* _Work to be completed_:
Records follow. Print exactly the lines from the one that has "Iliria Fushe Kruje logo" through the one that has "03fe846d6b85 Maui Jim", inclusive, and omit the pictures.

* _Exercise material_:

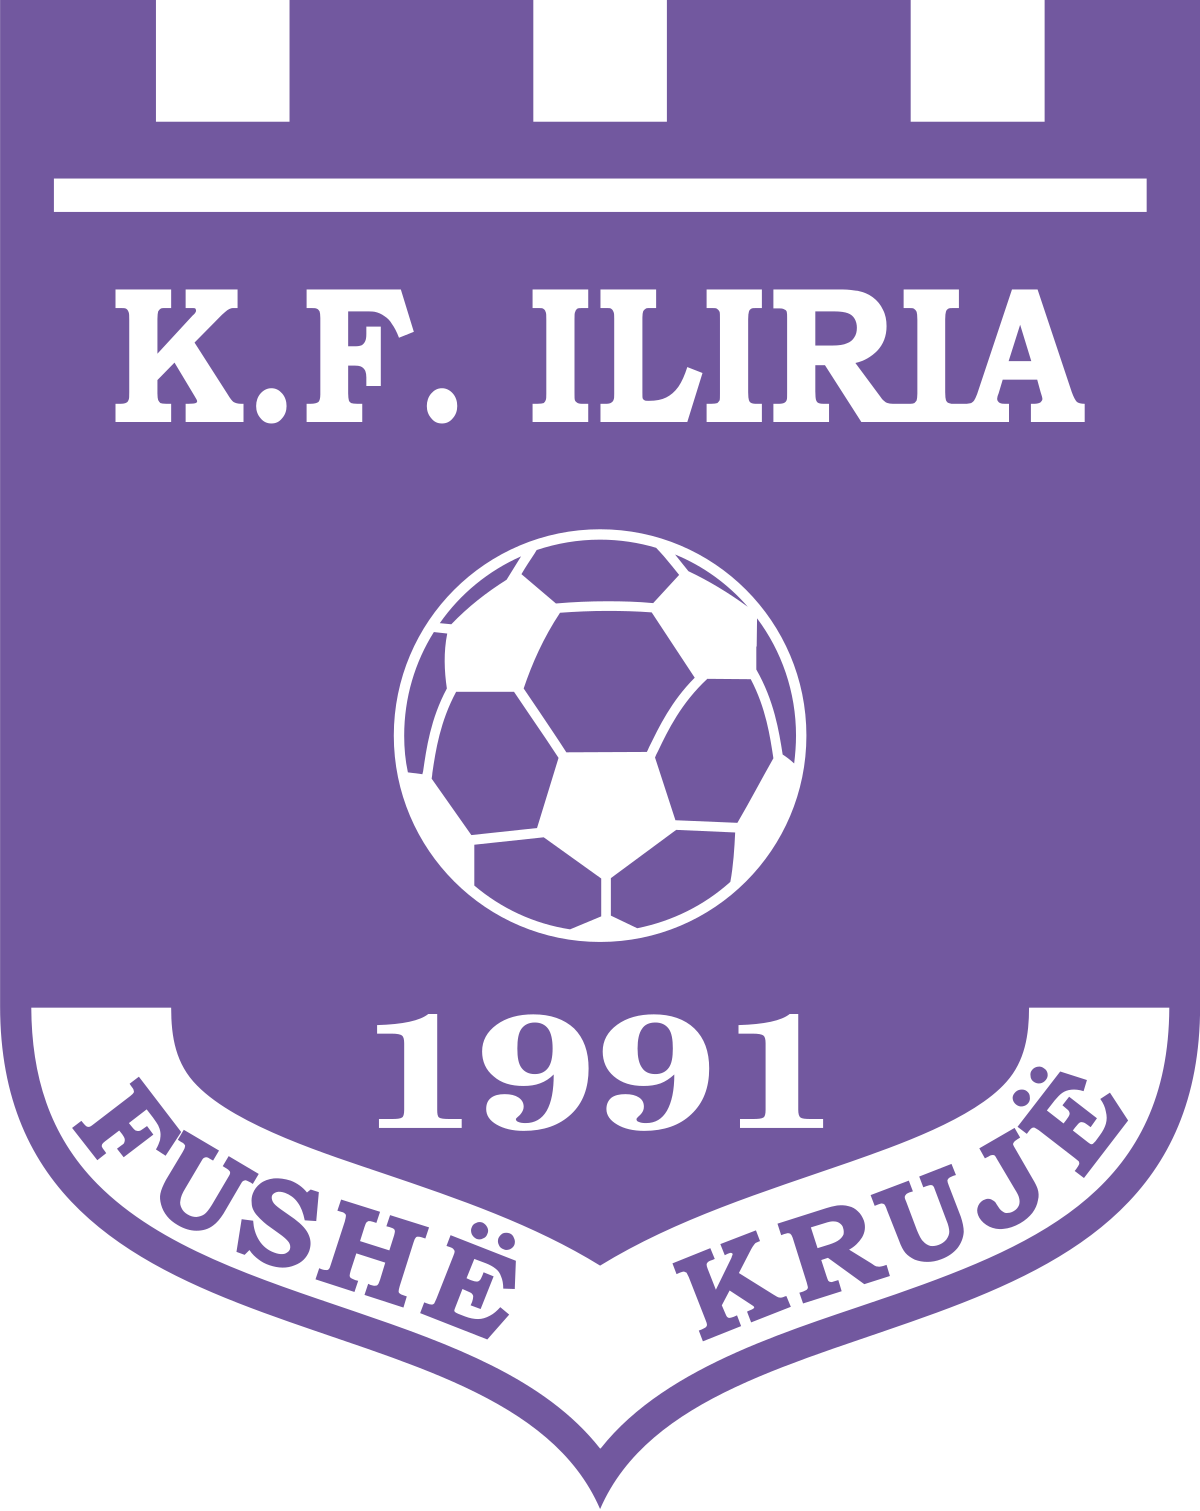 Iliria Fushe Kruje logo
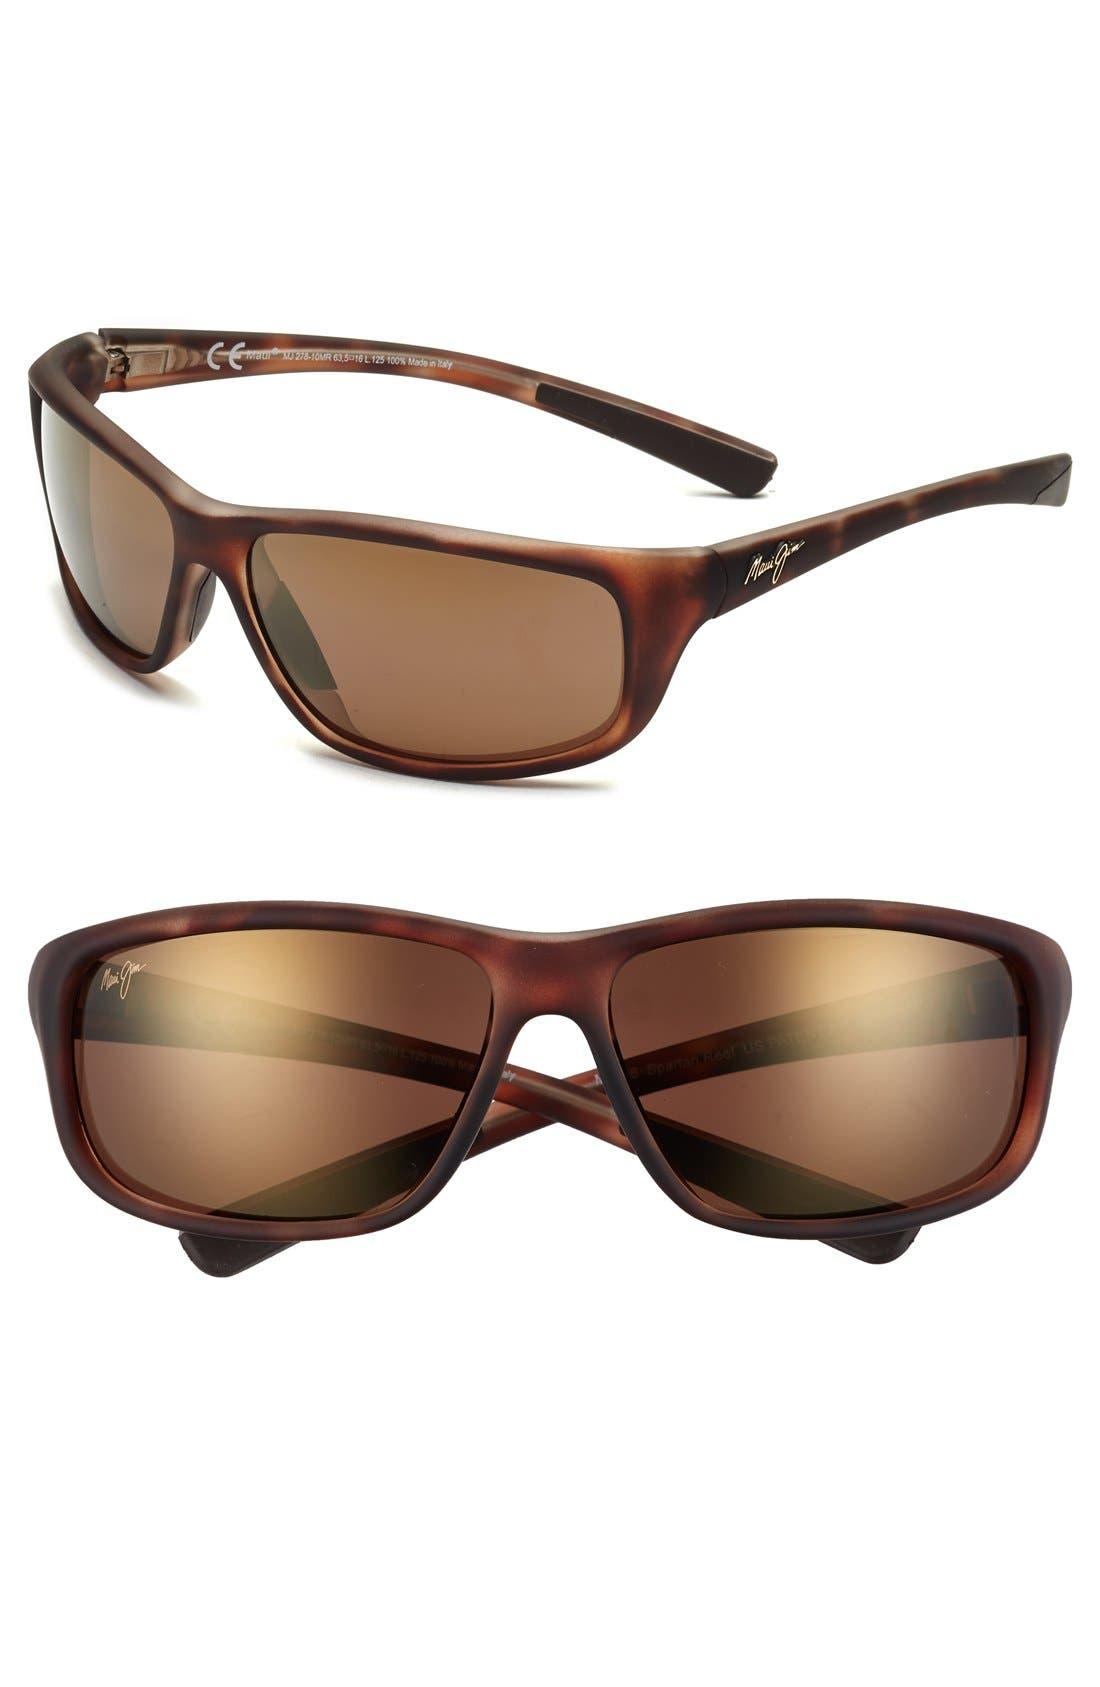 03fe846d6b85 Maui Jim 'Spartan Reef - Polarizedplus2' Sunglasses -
* * *
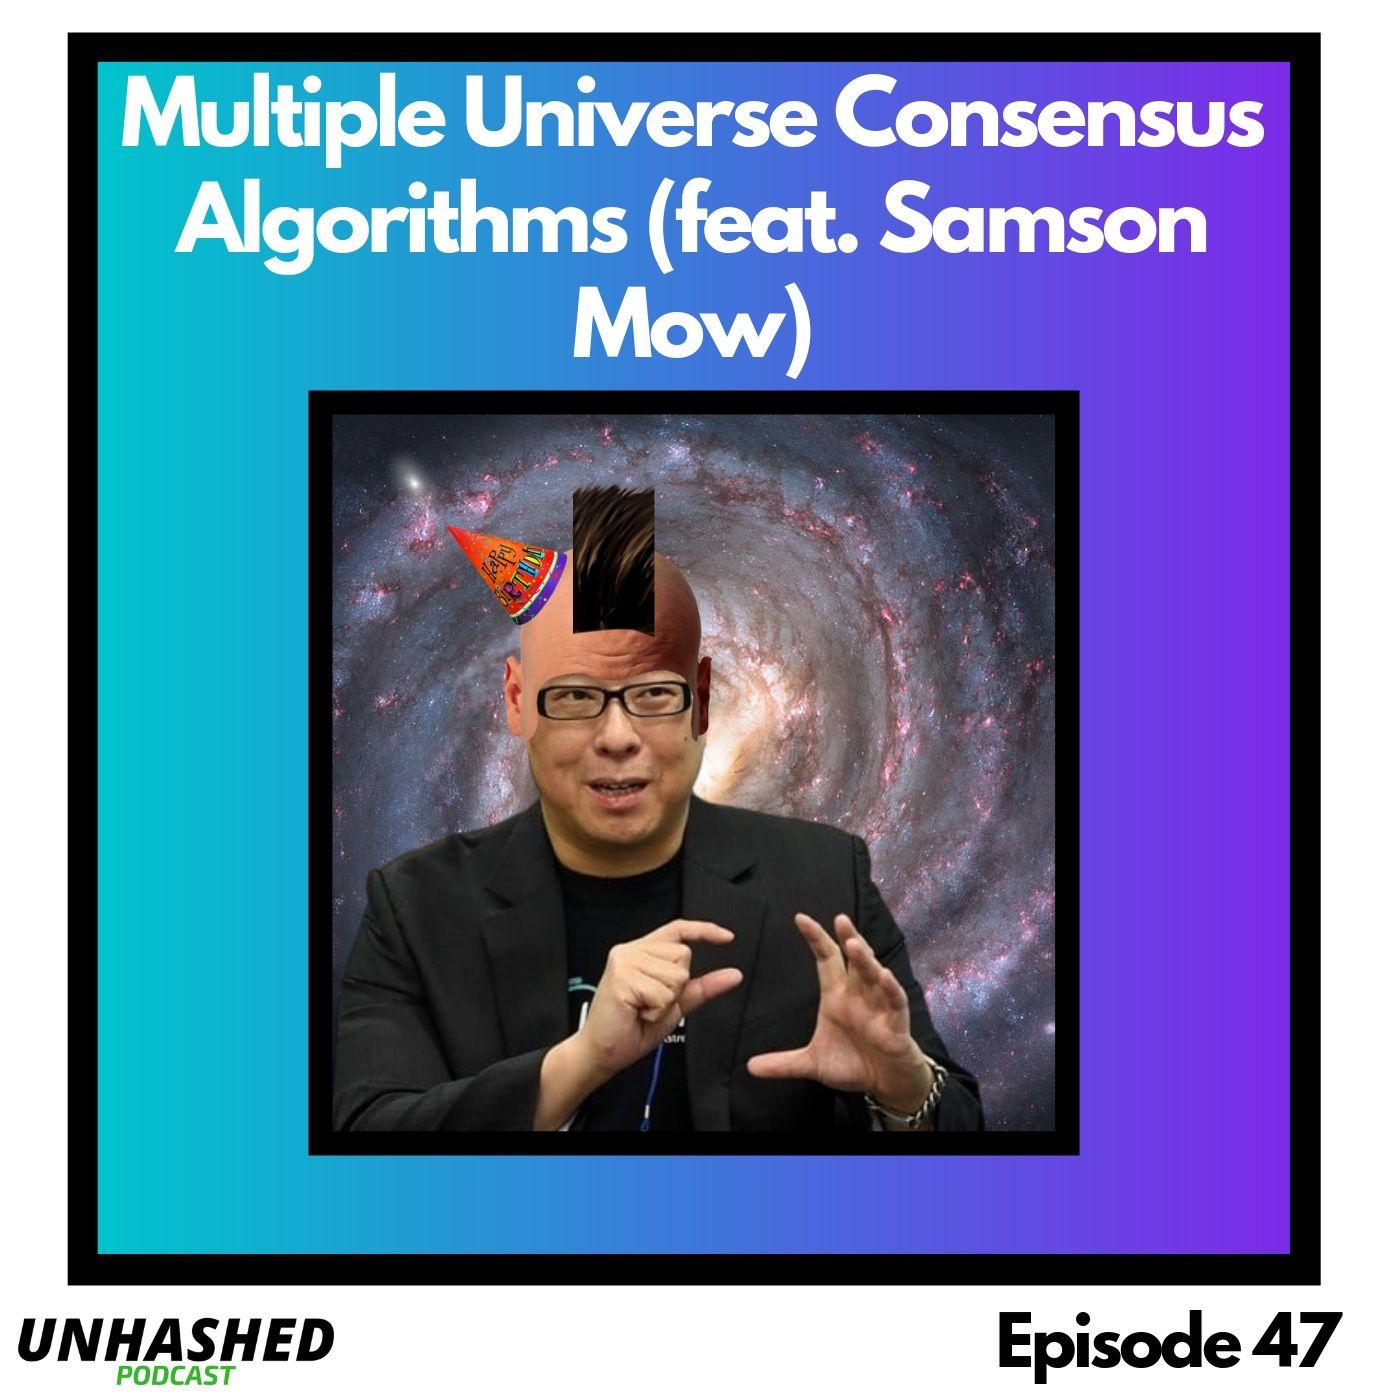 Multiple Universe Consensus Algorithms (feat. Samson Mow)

* _Answer below_:
 Iliria Fushe Kruje logo
 03fe846d6b85 Maui Jim 'Spartan Reef - Polarizedplus2' Sunglasses -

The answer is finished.